## Directions
Please give back each line below unchanged; none of the pictures should appear.
Information shown: Begin
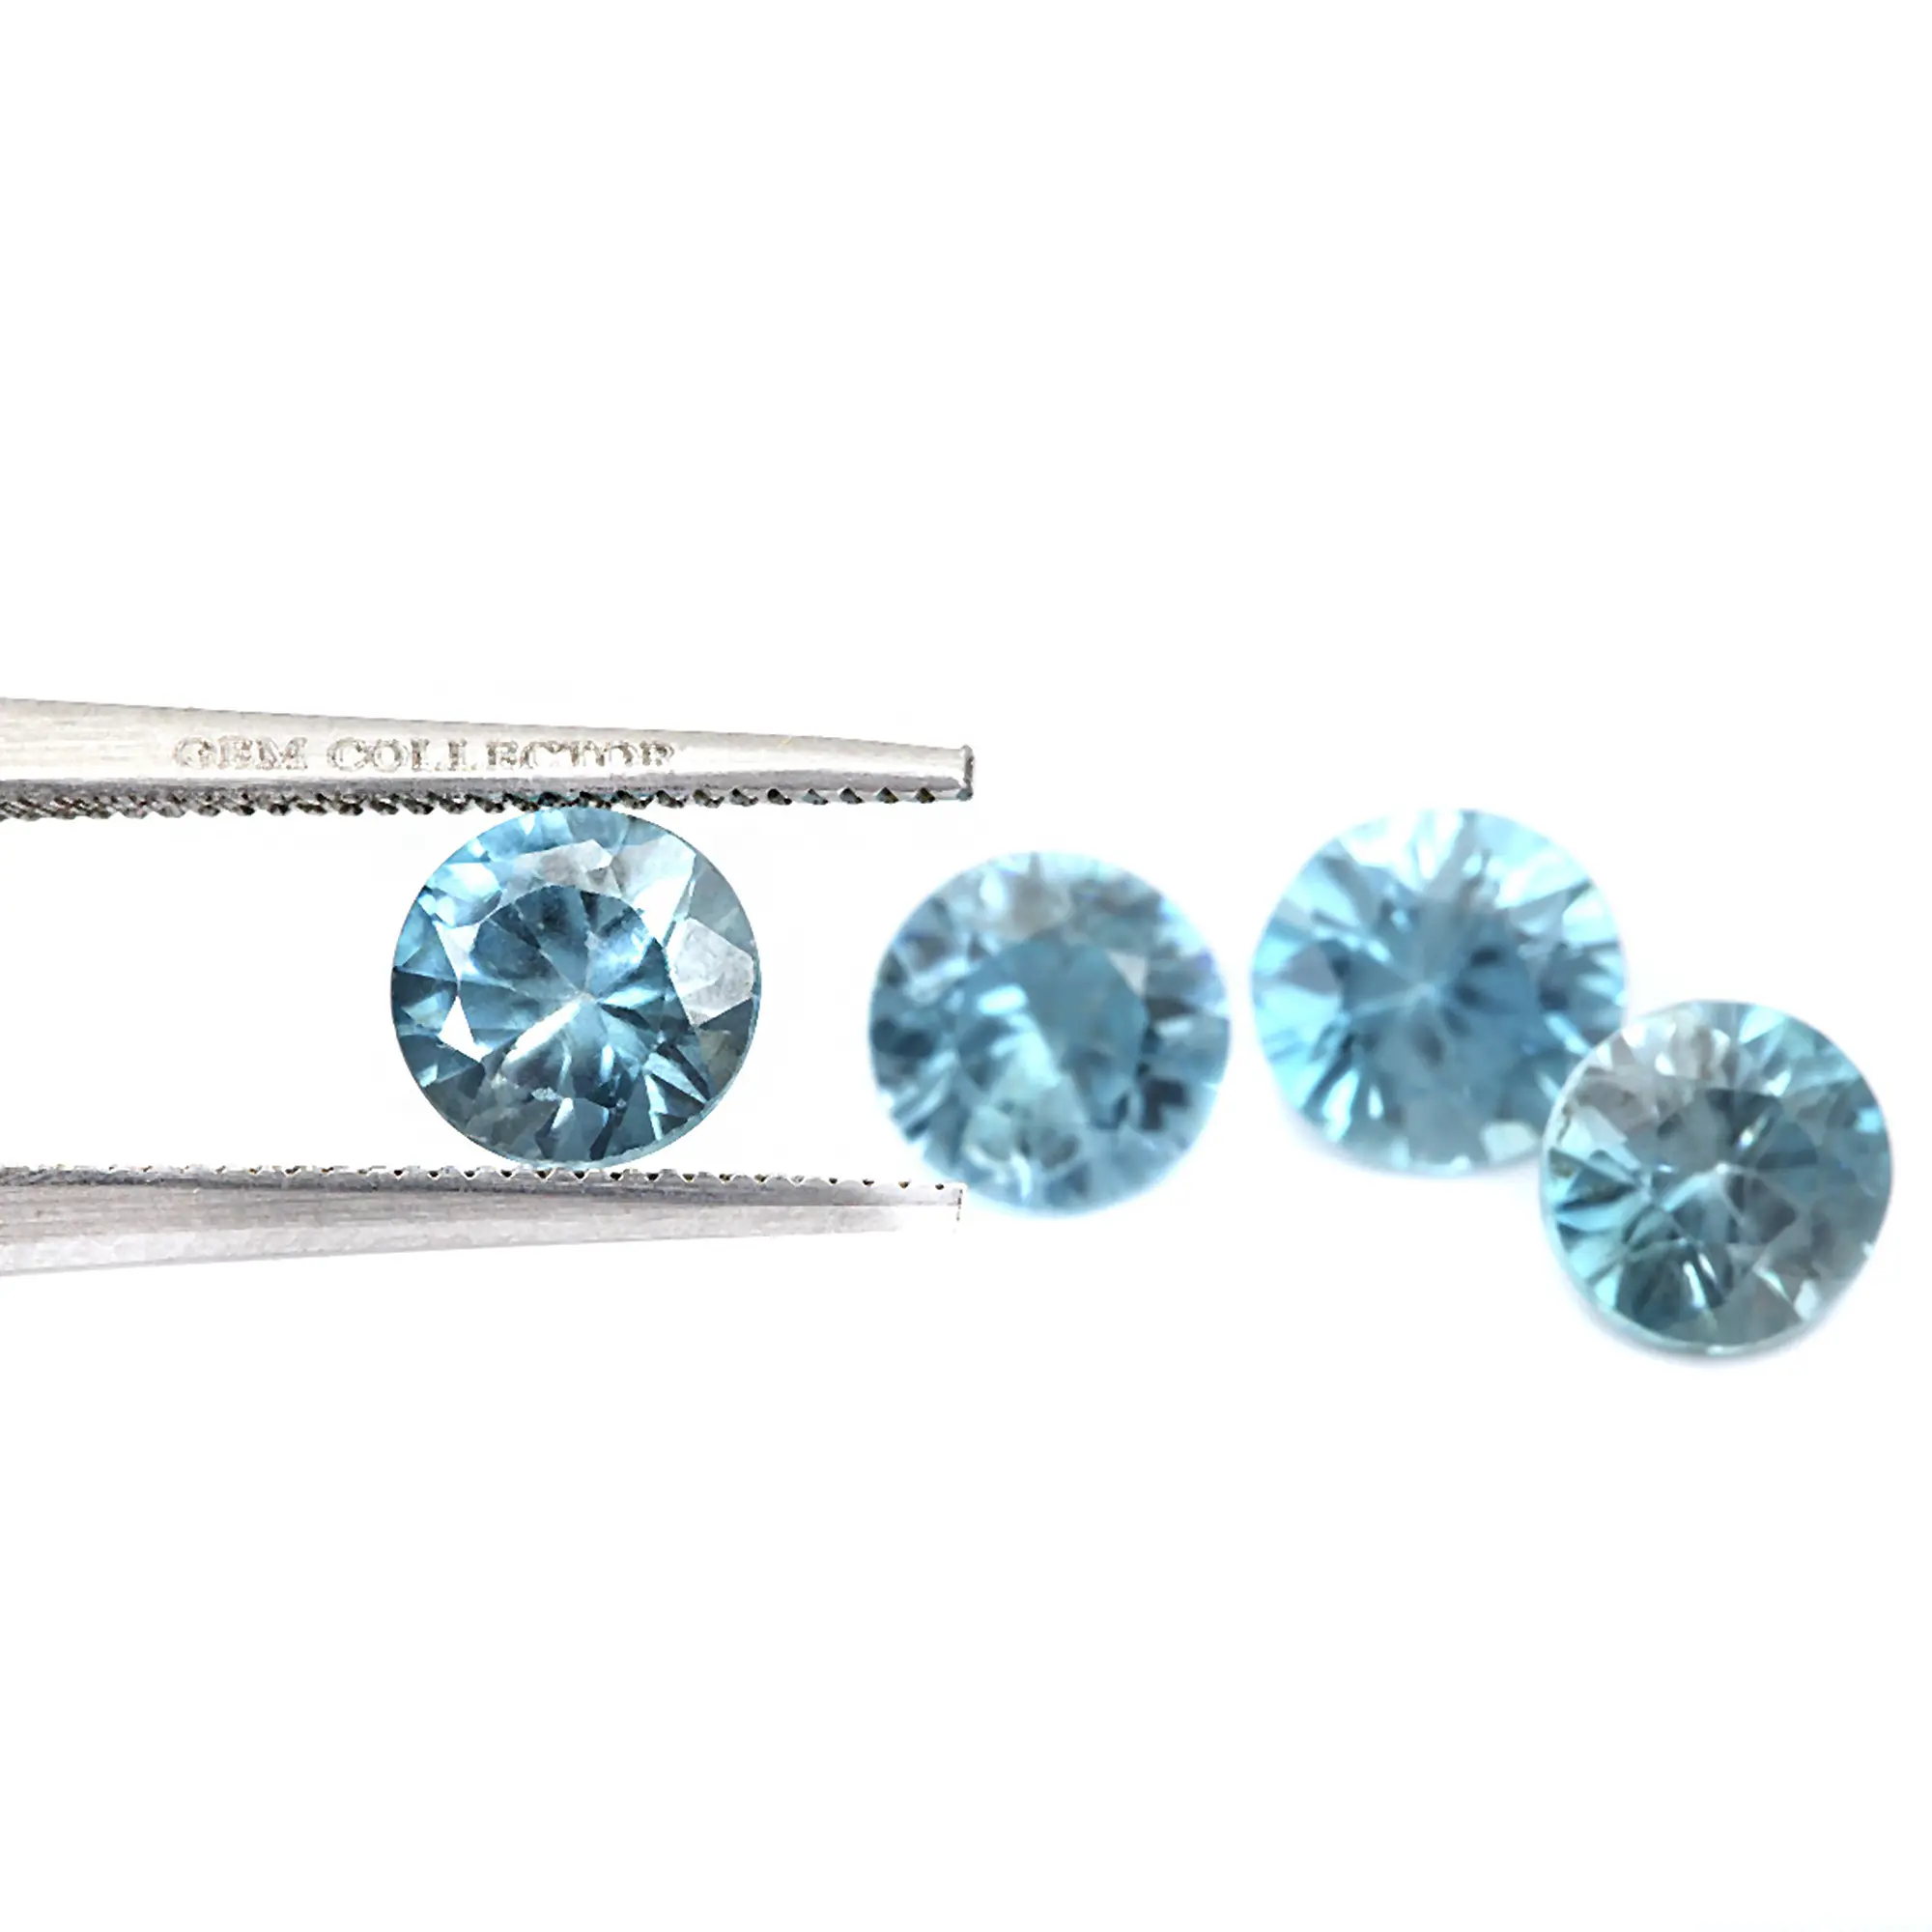 Pietra preziosa blu sciolta naturale di buona qualità sfaccettata con zirconi blu rotondi 4x4mm per la realizzazione di gioielli con pietre preziose sciolte
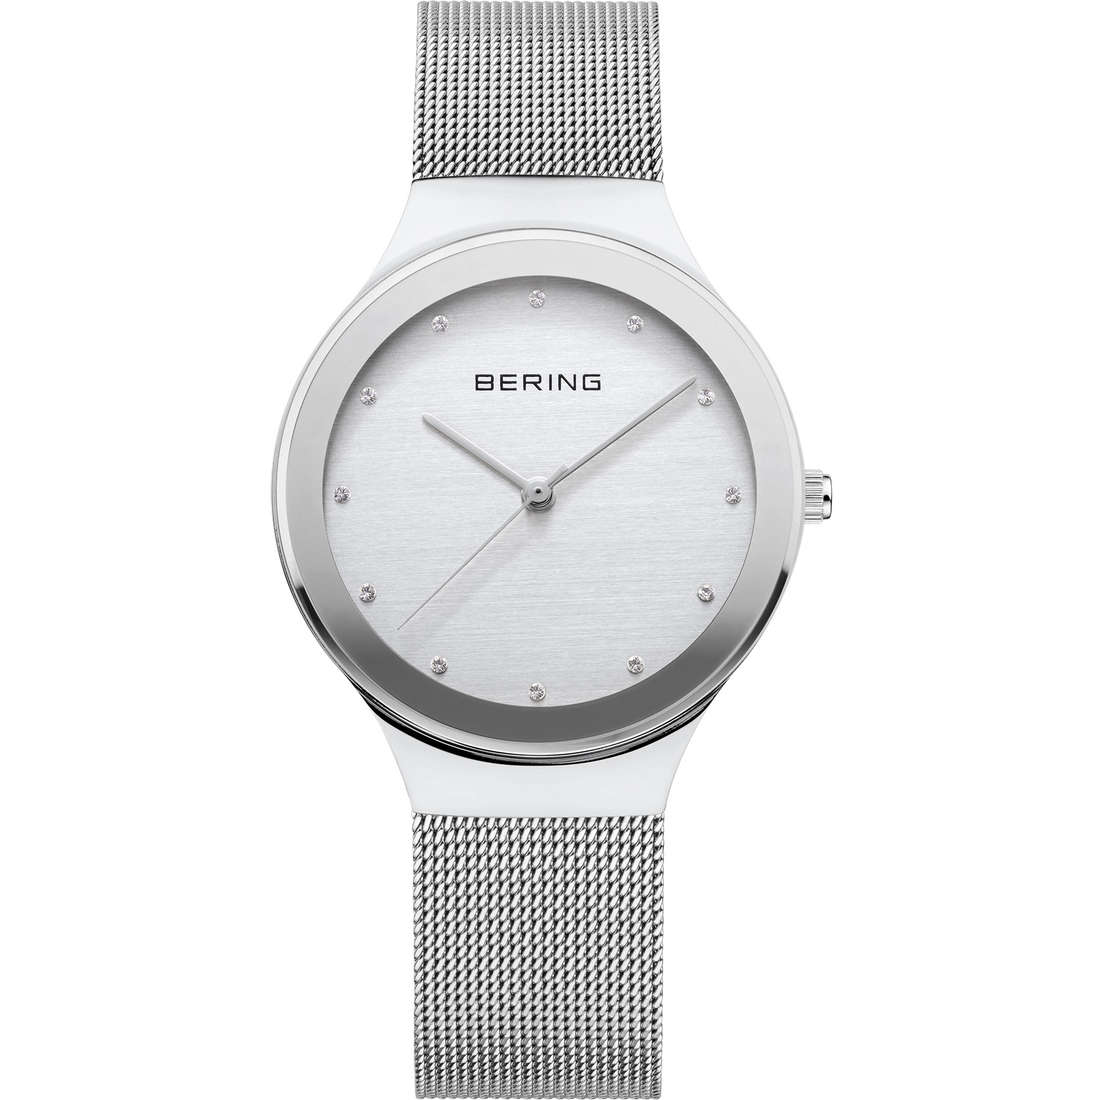 orologio al quarzo Bering donna Classic 12934-000
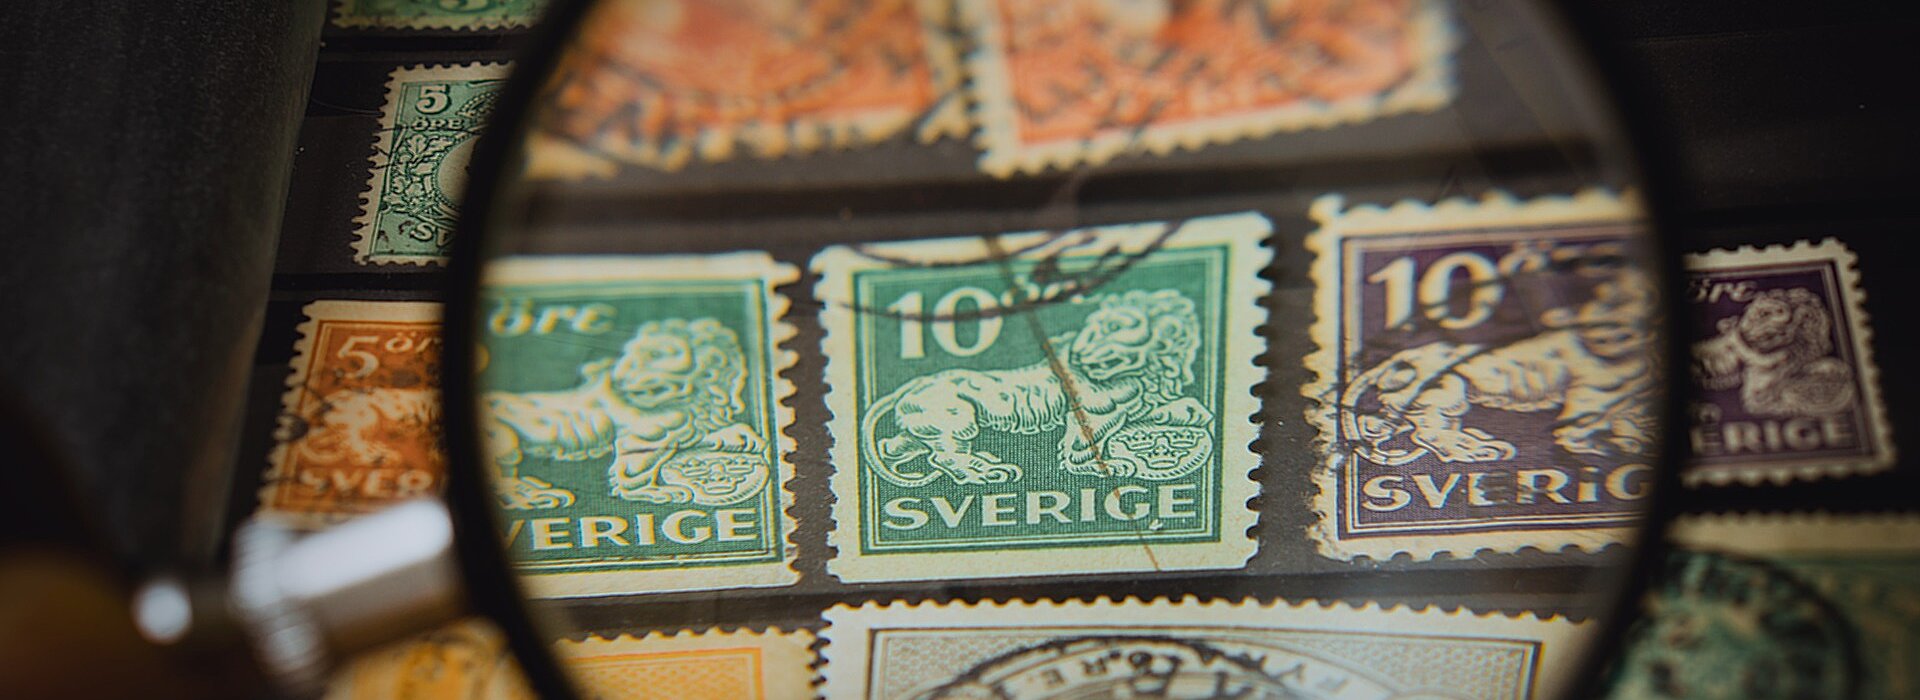 Na foto aparece uma lupa em cima de selos postais
Information shown: End
## Your solution
 Pietra preziosa blu sciolta naturale di buona qualità sfaccettata con zirconi blu rotondi 4x4mm per la realizzazione di gioielli con pietre preziose sciolte
 orologio al quarzo Bering donna Classic 12934-000
 Na foto aparece uma lupa em cima de selos postais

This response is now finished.